Fall on Rock, Inadequate Equipment, Piton Failure, California, Yosemite Valley

Publication Year: 1984.

FALL ON ROCK, INADEQUATE EQUIPMENT, PITON FAILURE

California, Yosemite Valley

On May 3, 1983, John Kaput (31) fell while climbing on Commissioner’s Buttress, just north of Ranger Rock.

Kaput was leading the climb and his partner, Scott Sleeper, was belaying him from below. Kaput’s first piece of protection was a wired stopper, which he had placed about eight meters up from the start of the climb. He then went up another two meters and clipped into an old fixed pin. He did not have a piton hammer with him and thus could not test the pin. He then proceeded to another fixed pin about two meters above the first. When he got to the second pin, he found a three- centimeter ledge to stand on and did not clip into the pin. He then made a move to the right to try for a hand jam in a small chimney located there. This required him to put his right foot on a small ledge covered with dirt, moss, and a small bush. When he did so, the dirt gave way and he fell. He went directly down to the first pin, about three meters below. The pin pulled out, and he kept falling to his second piece of protection, the wired stopper, about two meters below. He continued past the wired stopper an additional two meters, where he hit a ledge.
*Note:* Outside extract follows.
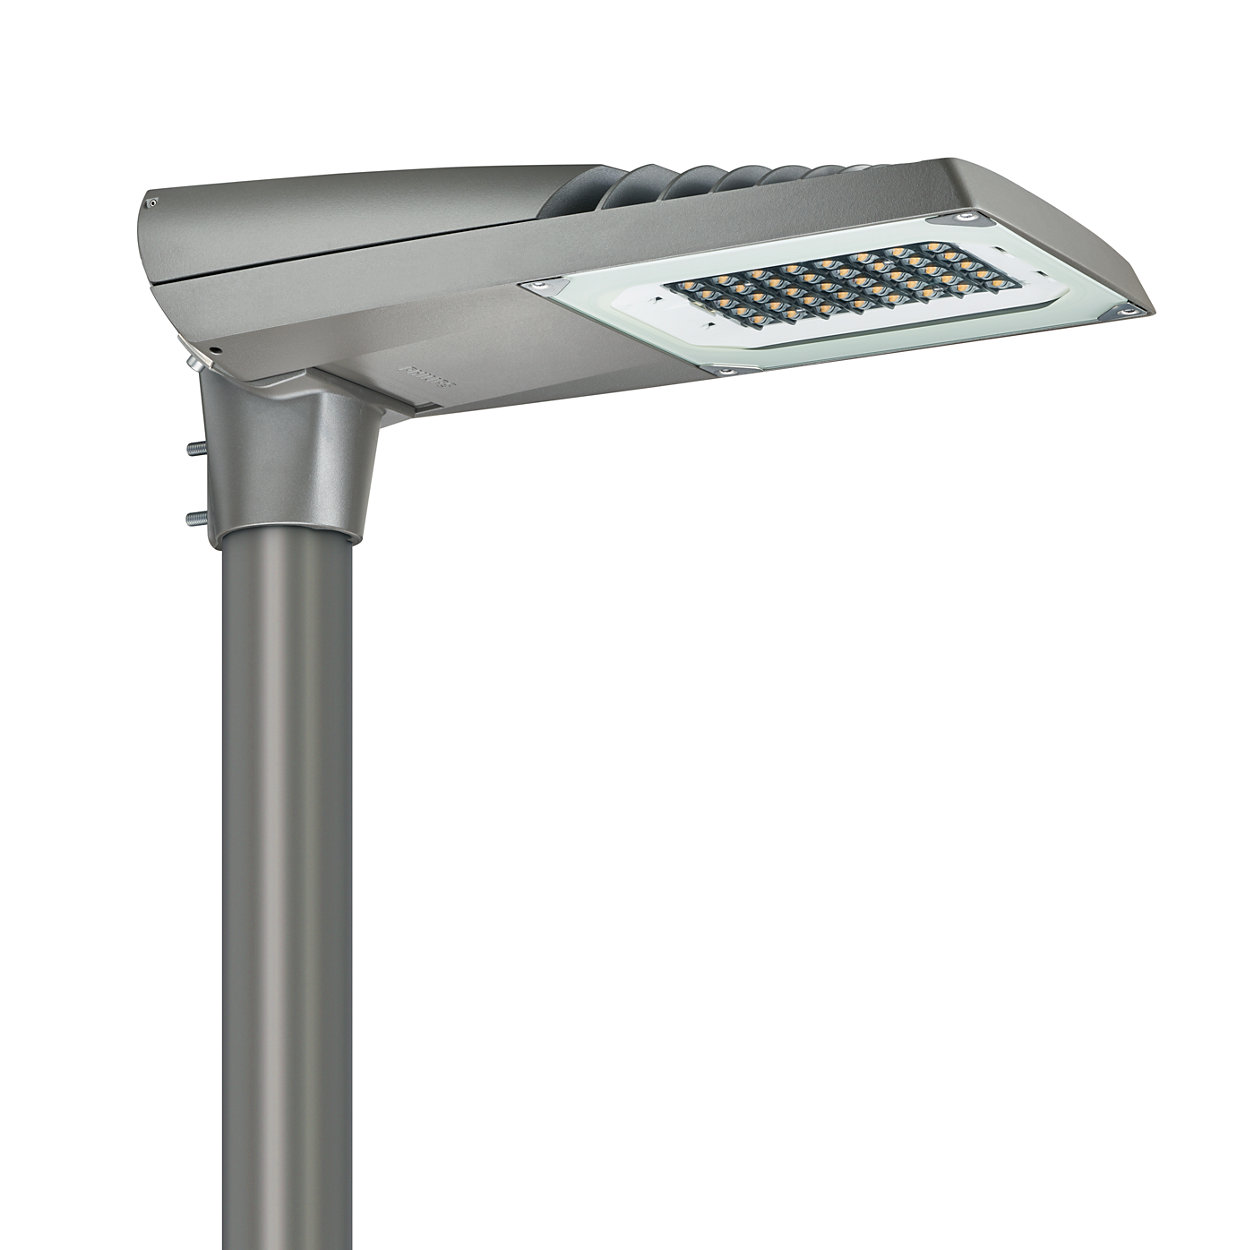 Luma gen2 Solar – Using solar power to light up your streets

He bounced off the ledge and fell two more meters, where his partner caught him on belay. The total fall was approximately seven meters. (Source: Kerry Maxwell, Ranger, Yosemite National Park).

Analysis

Most of the pitons found in place now can be assumed to have been there for several seasons, or probably longer. They need at a minimum to be hammered in again. A piton hammer is recommended as a basic piece of Yosemite climbing equipment if one intends to use fixed pitons. (Source; J. Williamson)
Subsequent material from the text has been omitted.